Open Letter to Marshall Berman (1940-2013)
By Eric Darton
Spirit only becomes power only by looking the negative in the face and living with it. Living with it is the magic power that converts the negative into being.
—Hegel, Phenomenology of Spirit (1807), quoted by Berman in his Lewis Mumford Lecture “Emerging from the Ruins,” delivered at The City College of New York, May 2, 2012.
In the months since you died, I’ve thought a good deal about our gemütlich conversations. And also about the difficult talk we never had: the one in which I called you out on your relentlessly positive view of the vicissitudes of our mutual city, an attitude that struck me as naïve to the point of being ahistorical.
Recently though, and for reasons I do not entirely understand, I am beginning to get where you were coming from. And also to understand how the particular flavor of Kool-Aid you drank, and espoused, permitted you to keep living, and working.
Though you were born only ten years before me, we seemed to have grown up in entirely different New Yorks. For one thing, you watched as your neighborhood was wrecked at the behest of Robert Moses, taking his expressway not to your heart, but across eight miles of the South Bronx.
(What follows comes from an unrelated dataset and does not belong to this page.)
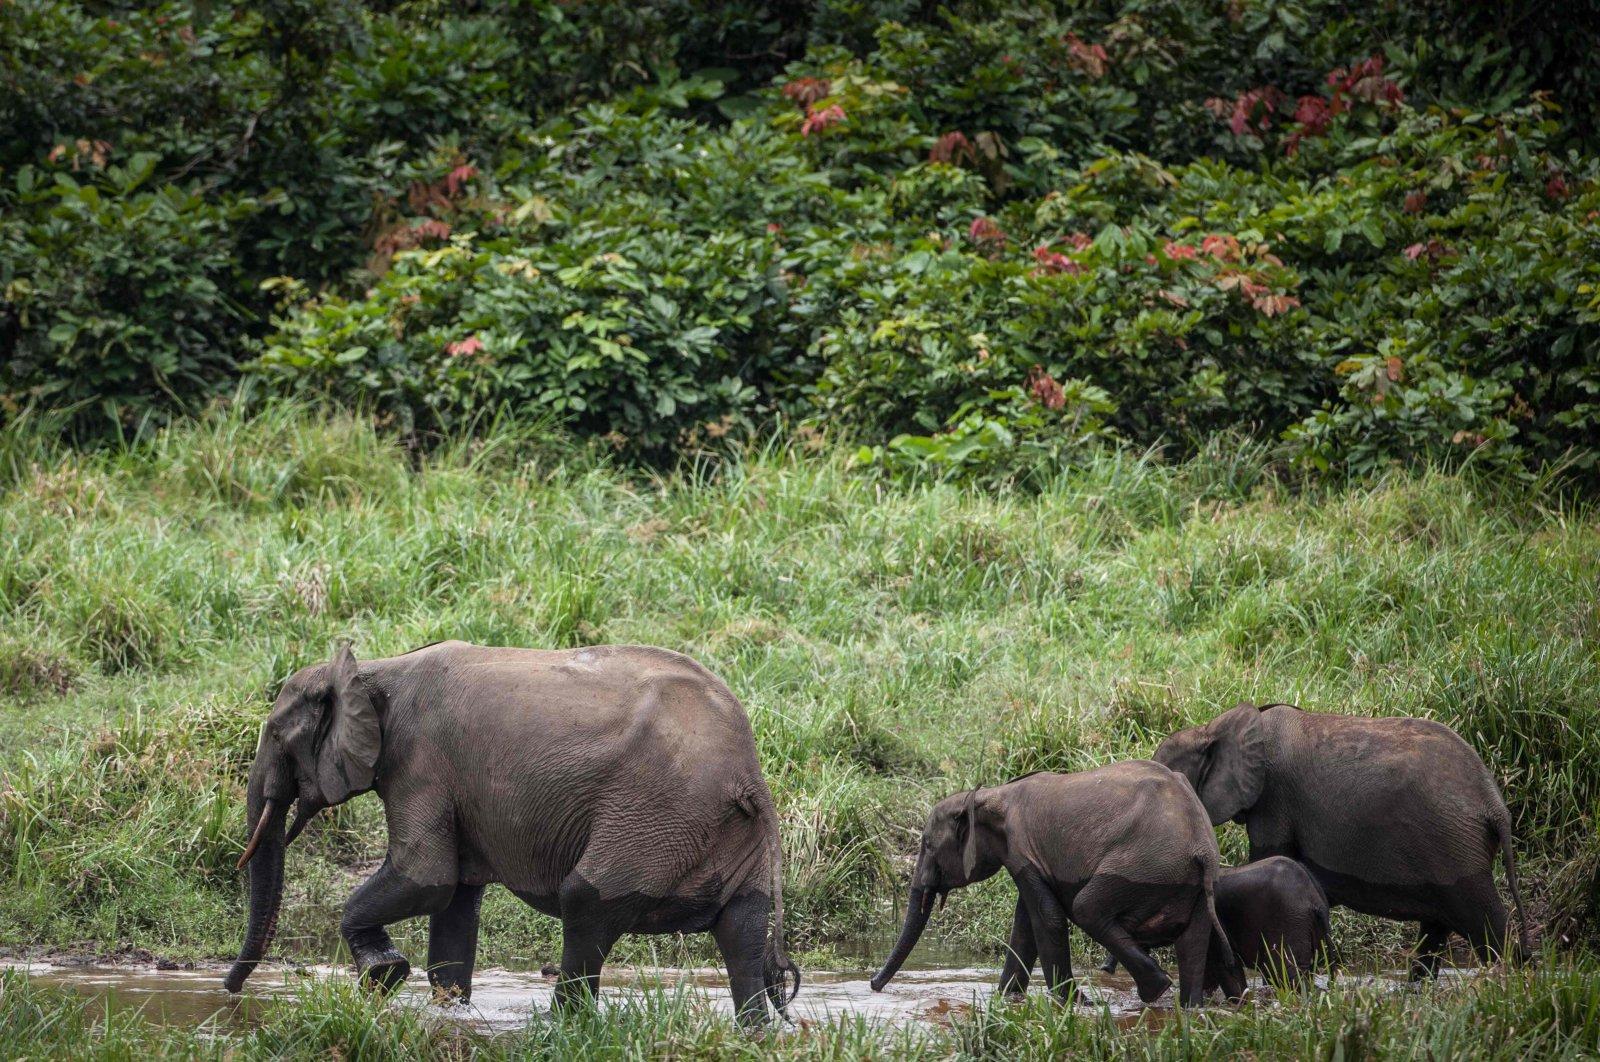 A group of forest elephants wades through water at Langoue Bai in Ivindo National Park, near Makokou, Gabon, April 26, 2019. (AFP Photo)

A decade later in Greenwich Village, a cadre of mostly female activists saved my block from the “meat ax” aimed at cutting a highway through to Lower Manhattan – though I did watch in wonder and fear as scores of buildings were leveled just across the street.
And then, inescapably, there is the tragedy that befell you in your early middle years – the heart wound of a father’s grief, which few could survive with their humanity intact, much less their reason. Yet, through some extraordinary depth of resources, you did.
So if you were here, I would no longer wish to contest your utopianism. Instead, I would ask you about All That Is Solid Melts Into Air, and whether you have any inkling of how important it is. Beyond the fact that it was born a classic. Beyond the celebrity it brought you, along, I hope, with a dose of nachas. Beyond its having remained in print since 1982, continuously in demand by myriad urban studies programs and countless everyday moderns like myself seeking clues as to how we got here. And translated into, what, fifty languages? More?
An easy answer, of course, is that your book is profoundly useful. No one has traced the lines leading to modernity, or described its conditions with greater apperception, imagination and accuracy than you. Which all by itself makes All That Is Solid a gift beyond value – a stone upon which civilization might be founded, should we somehow gather the courage to begin.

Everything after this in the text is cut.